The Contradictions of Reza Aslan's "Believer"

http://www.newyorker.com/culture/culture-desk/the-contradictions-of-reza-aslans-believer

...The first episode examines the Aghori sect of Hinduism, some of whose adherents deploy spectacular practices, like eating human remains and lying on corpses, in order to combat traditional Hindu notions of purity and pollution. In one scene, Aslan is chased by an Aghori nomad who, after feeding him a piece of human brain, tries to urinate on him. The episode’s dénouement, in which Aslan tours a modern Aghori orphanage, elementary school, and leper clinic, and finds, as he puts it, “the Hinduism I was looking for,” did little to assuage Hindu activists protesting outside CNN offices, who felt that the show was sensationalist and short on substance.
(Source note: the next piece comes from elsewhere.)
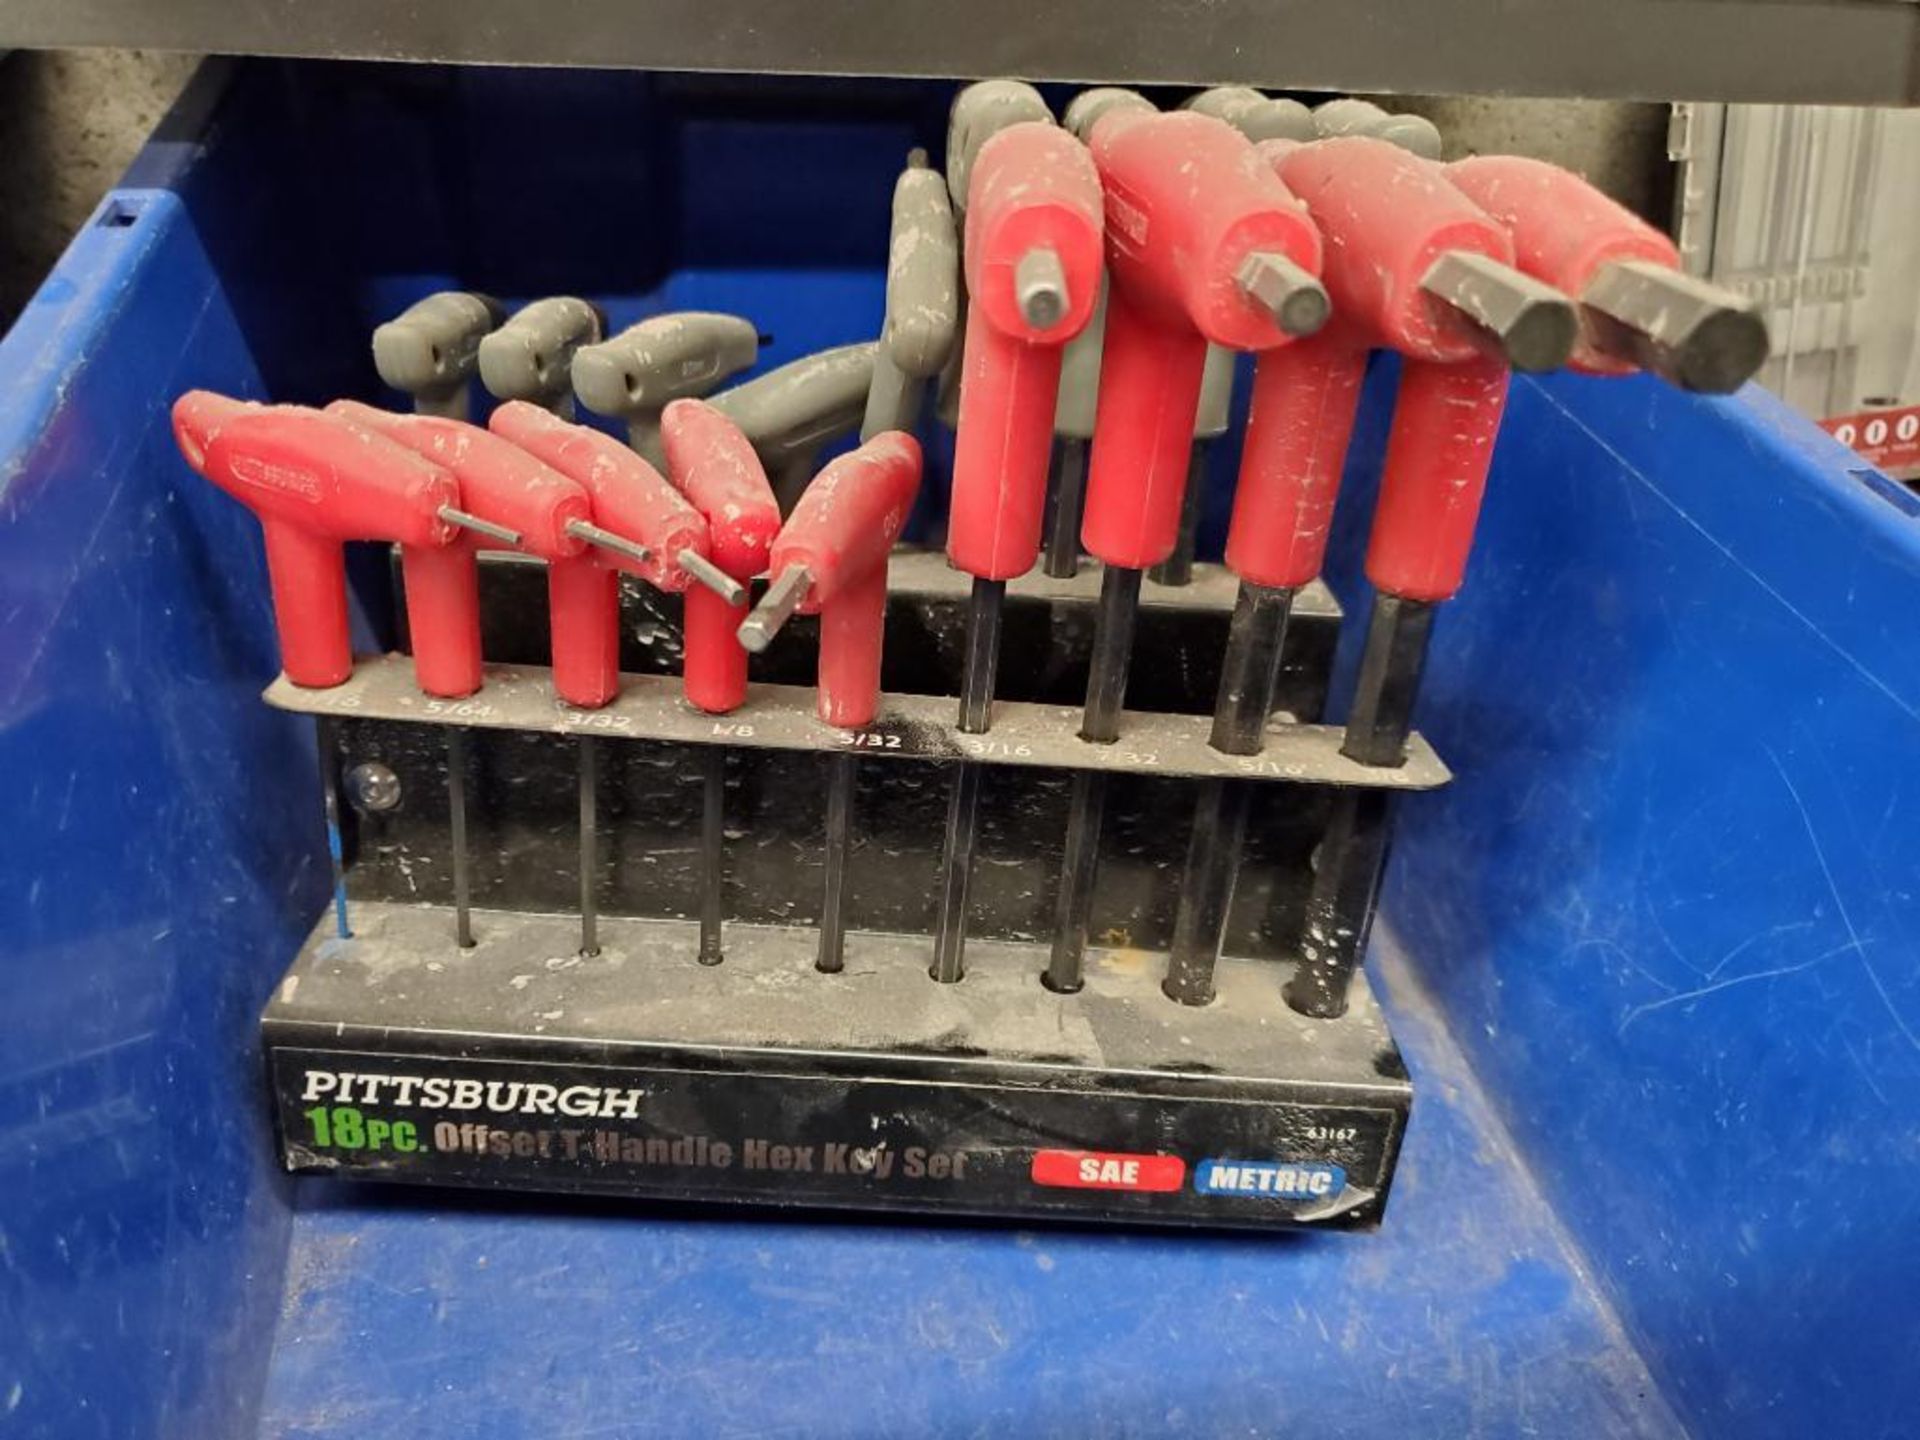 Pittsburgh 18-Pc. T-Handle Hex Key Metric Wrenches, (3) Partial Milwaukee Shockwave Impact Driver Se - Image 6 of 8

After watching the first couple of episodes, I was inclined to agree. Each begins in the realm of benightedness—doomsday prophets rolling around on the floor; gurus eating honey out of skulls—and moves toward enlightenment. By the end of the hour, Aslan has laid bare what is beautiful about the religion and what it offers to its adherents. The answer is the same for Hindus and ark-builders. “Religion isn’t about scripture or temples or priests or rules or regulations,” Aslan says, standing in a circle at twilight with the followers of JeZus, the prophet of the Rainbow Village doomsday cult. “It’s about the individual, and the quest for meaning, the idea that there is something more to life than just what we see with our eyes, what we feel with our hands.” It’s an attractively cosmopolitan, à-la-carte approach to faith, and yet merely stating that scriptures, temples, priests, and rules are insignificant does not make it true for countless believers. As a scholar of religion, Aslan surely knows this, which is why “Believer” amounts to a canny sort of evangelism—not for any one religion in particular, but for Aslan’s own brand of universal spirituality, which regards religions as nothing more than different languages for expressing the same meanings.

...

The season finale goes further still, offering the viewer a glimpse of the series that “Believers” could have been—one that wrestles with the agonistic dimensions of religious identity instead of trying to assimilate them into a beatific meta-faith. In it, Aslan examines a group of ultra-Orthodox Israeli Jews known as the Haredim, whose numbers and influence have in recent years grown dramatically, triggering a debate in Israeli society about the relation of religion to democratic politics. As the Rabbi Yaakov Litzman, Israel’s Minister of Health and a member of the Haredi community, tells Aslan, “The land of Israel is because of the Torah. . . . The Torah has never changed, and we will never change.” The changes the Haredim have opposed include demands by women’s groups to dismantle gender-segregation protocols at the Wailing Wall, and civil rights for same-sex couples. Aslan is disturbed by the intransigence of the Haredim, whose political ascendance he likens to the Islamic Revolution, which led his family to flee Iran, in 1979, and the secular Jews he speaks to evince a similar frustration. This change in tone threatens to undermine the cheeky ecumenism of Aslan’s larger method. Why do renegade Scientologists get the benefit of the doubt, while ultra-Orthodox Jews do not? Perhaps there is a limit to universalist tolerance, after all.